2.2. Conversion, enrichment, and fuel production

Uranium extracted from mines and concentrated in the form of uranium oxide (U3O8) must be purified and enriched before being used as fuel in the reactors. Since enrichment requires uranium in gaseous form, it must be first transformed into UF6 in conversion plants. The UF6 obtained has a 235U content of about 0.72%, which must be increased to between 3% and 5%, the required 235U content of the French nuclear reactors. Uranium can be enriched using several technologies, such as gaseous diffusion, gas centrifugation, and laser separation [18]. The enrichment step aims at increasing the 235U content of UF6. In France, the current enrichment is based on centrifugation technology, which consumes far less electricity than the previously used gaseous diffusion facilities. This decrease in the electricity consumption could explain a part of the decreased amount of CO2 released per kWh from nuclear generation in France, when compared to previous estimations [19].
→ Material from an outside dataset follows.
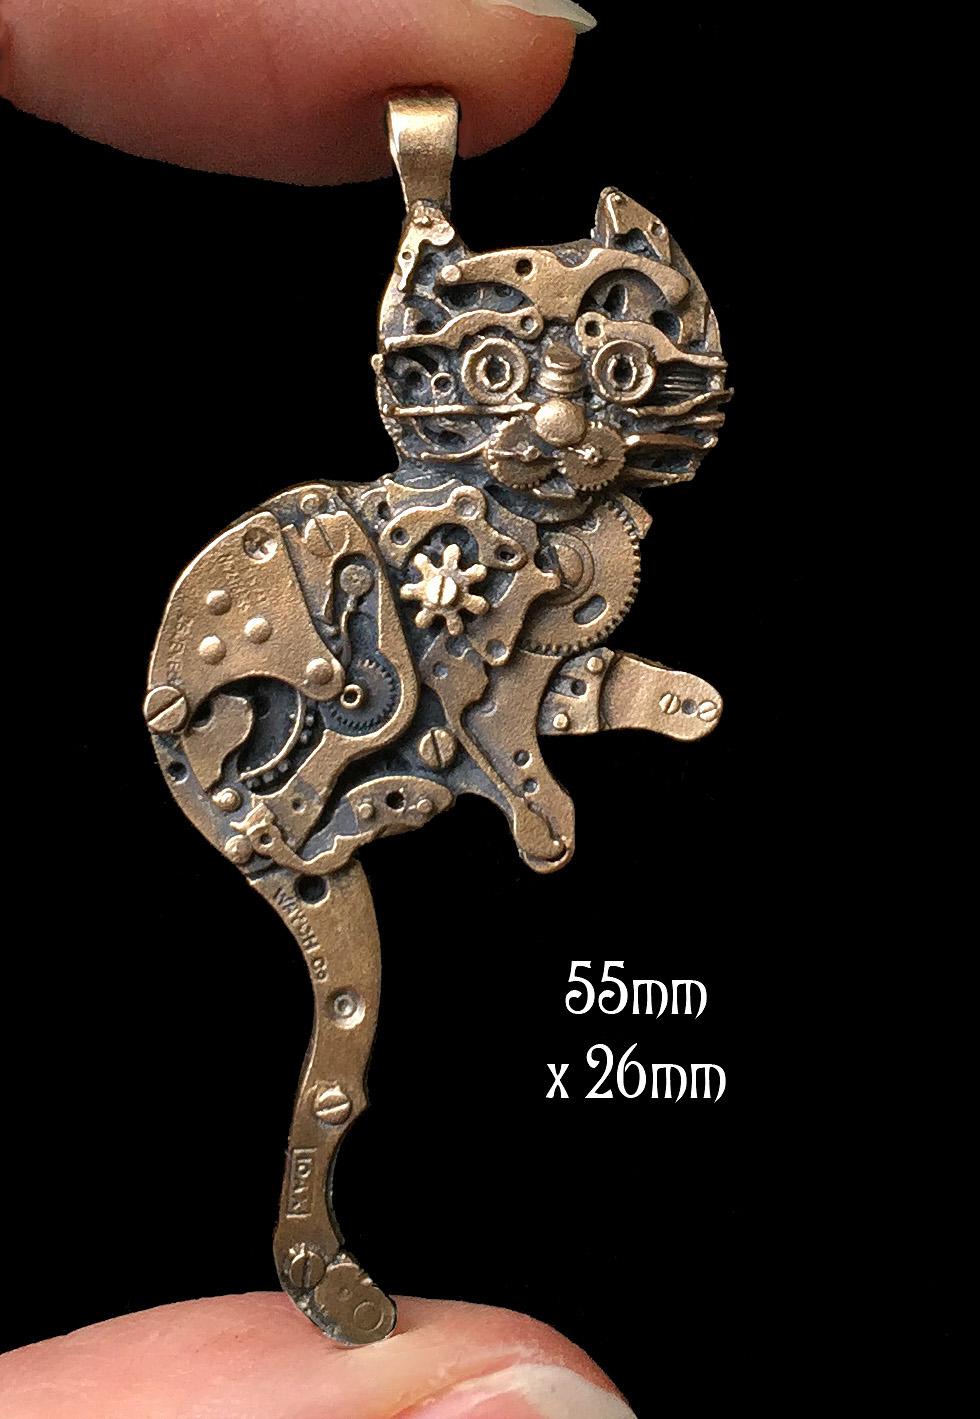 Close up photo of Watch Parts Kitty pendant made of silicon bronze in between fingers, designed by Sue Beatrice of All Natural Arts, featuring intricate details of antique watch parts.

Before being introduced into the reactors, the enriched UF6 must be transformed into UO2 (uranium oxide) and put into the form of fuel elements. The fuel elements consist of an assembly of 264 fuel rods supported by a structure called a skeleton. Fuel rods are made of fuel pellets, manufactured from pressed, UO2 power, encased in zirconium alloy tubes.

MOX fuel follows the same manufacturing stages as UO2 fuel but is produced from a mixture of UO2 powder depleted in 235U and PuO2 powder from the processing of spent fuel.
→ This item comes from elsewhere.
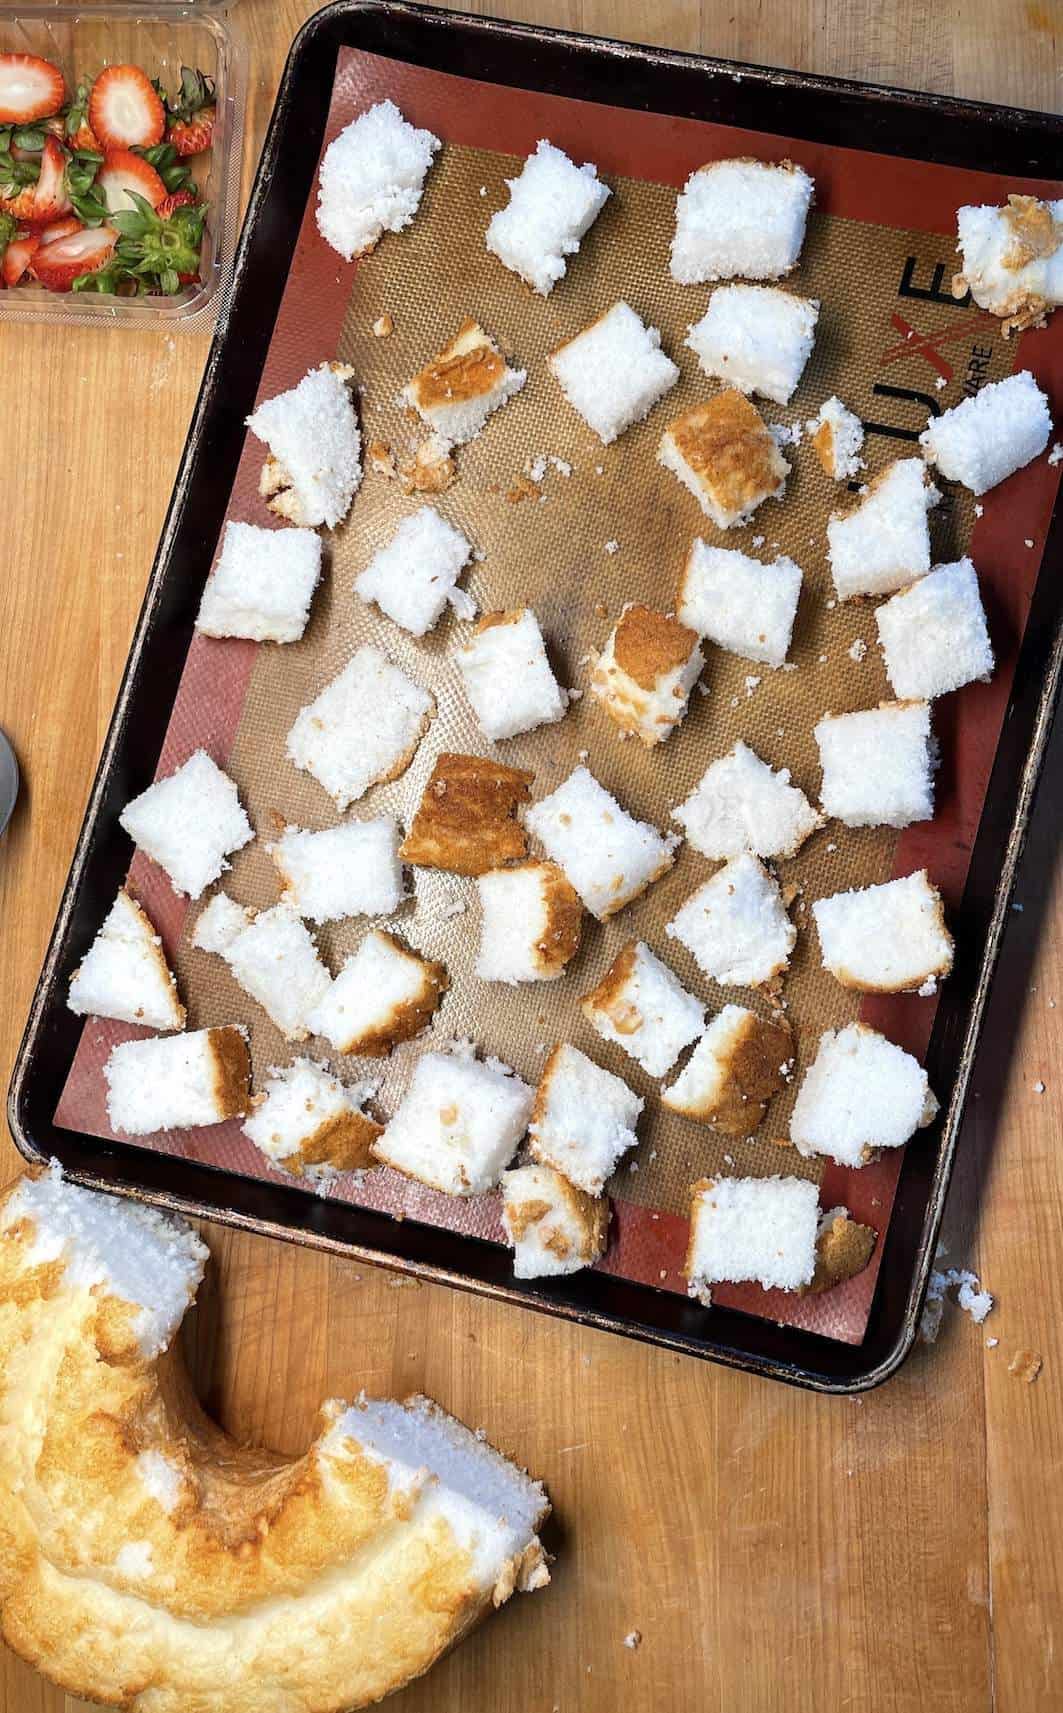 Angel food cake cut into cubes on a bake sheet before toasting to make shortcakes.

2.3. Electricity production

The French electronuclear sector uses pressurized water reactors (PWR) with enriched uranium as fuel and ordinary water as moderator and coolant fluid.
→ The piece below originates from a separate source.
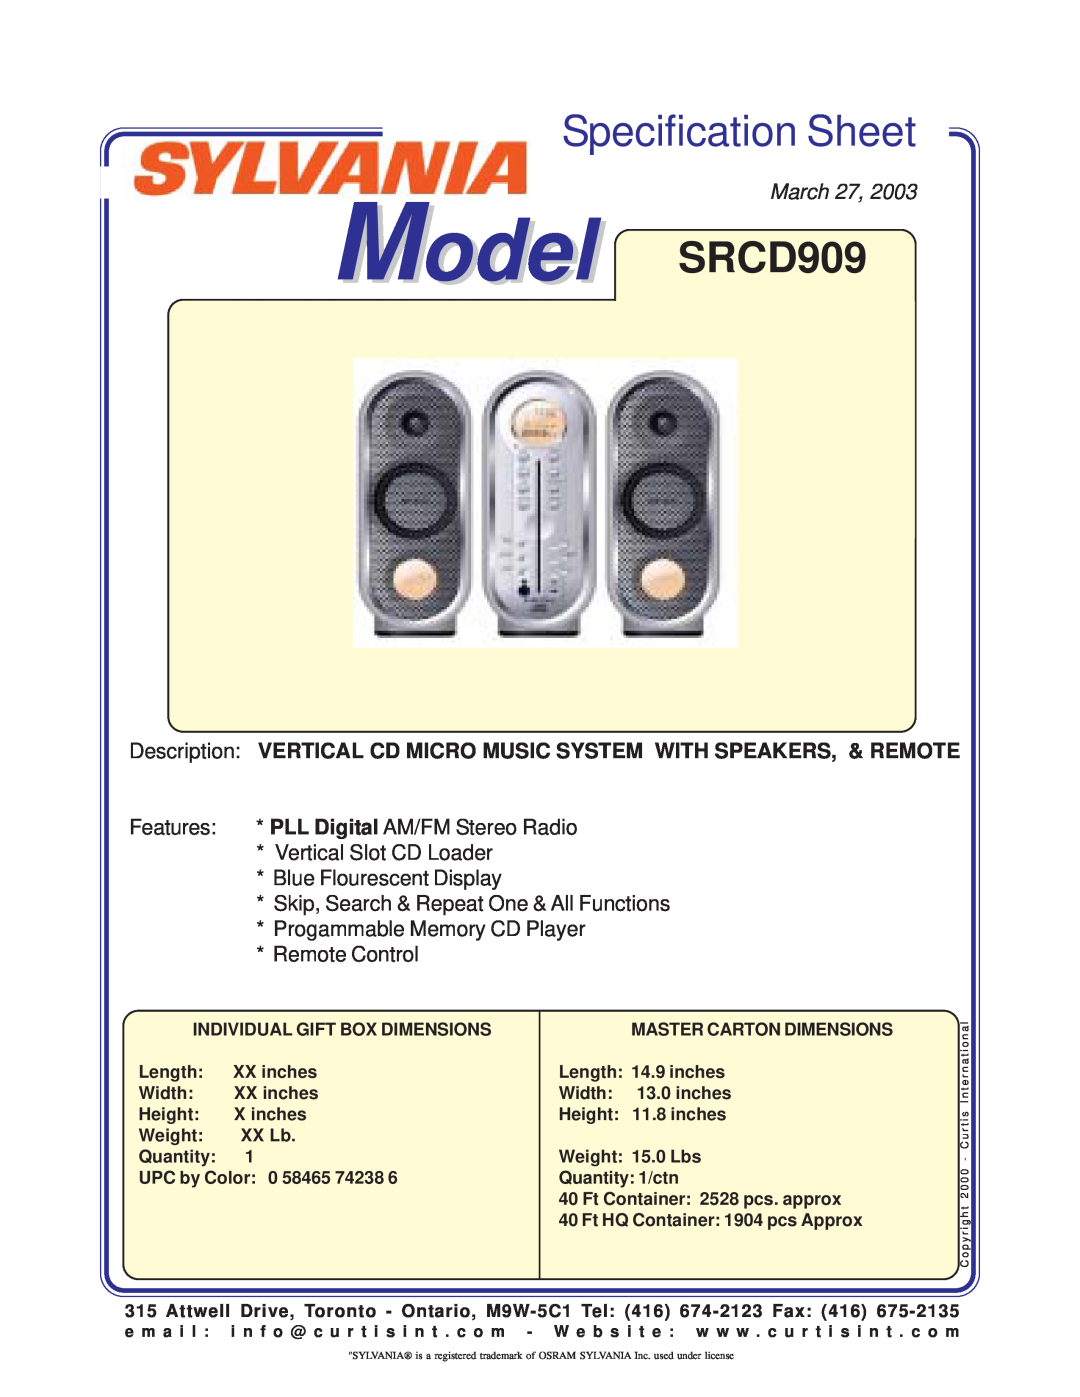 Curtis specifications Specification Sheet, Model SRCD909, March, Place Image Here

The PWRs include three independent circuits:

  • The primary circuit under high pressure (around 155 bar) extracts the heat generated by nuclear fission from the core and transfers it to the secondary circuit through heat exchangers (or steam generators).

  • In the secondary circuit under lower pressure (around 70 bar), the water, heated by primary water in steam generators, vaporizes and then sets the turbogenerator in movement.

  • The cooling circuit allows the condensation of circuit steam in contact with cold water from rivers or sea. The heated water can be directly discharged to river or sea or evaporated via a cooling tower.

A PWR allows to use of a part of the thermal energy released during the nuclear fission of fissile atoms 235U and 239Pu to heat water and produce steam, which activates a turbogenerator set, generating electricity. The fission reaction generates various fission products replacing fissile atoms in the fuel assemblies. The assemblies must therefore be renewed to compensate for the progressive fuel exhaustion. The spent fuel assemblies are stored for at least one year in a pool filled with water. It allows to evacuate of the residual heat released from the assemblies and guarantees protection against radiation.

The liquid and gaseous radioactive effluents are collected and treated to absorb the essential part of their radioactivity, and then sent to storage reservoirs where they are kept until their radioactivity decreases to the levels that allow their safe discharge to the environment.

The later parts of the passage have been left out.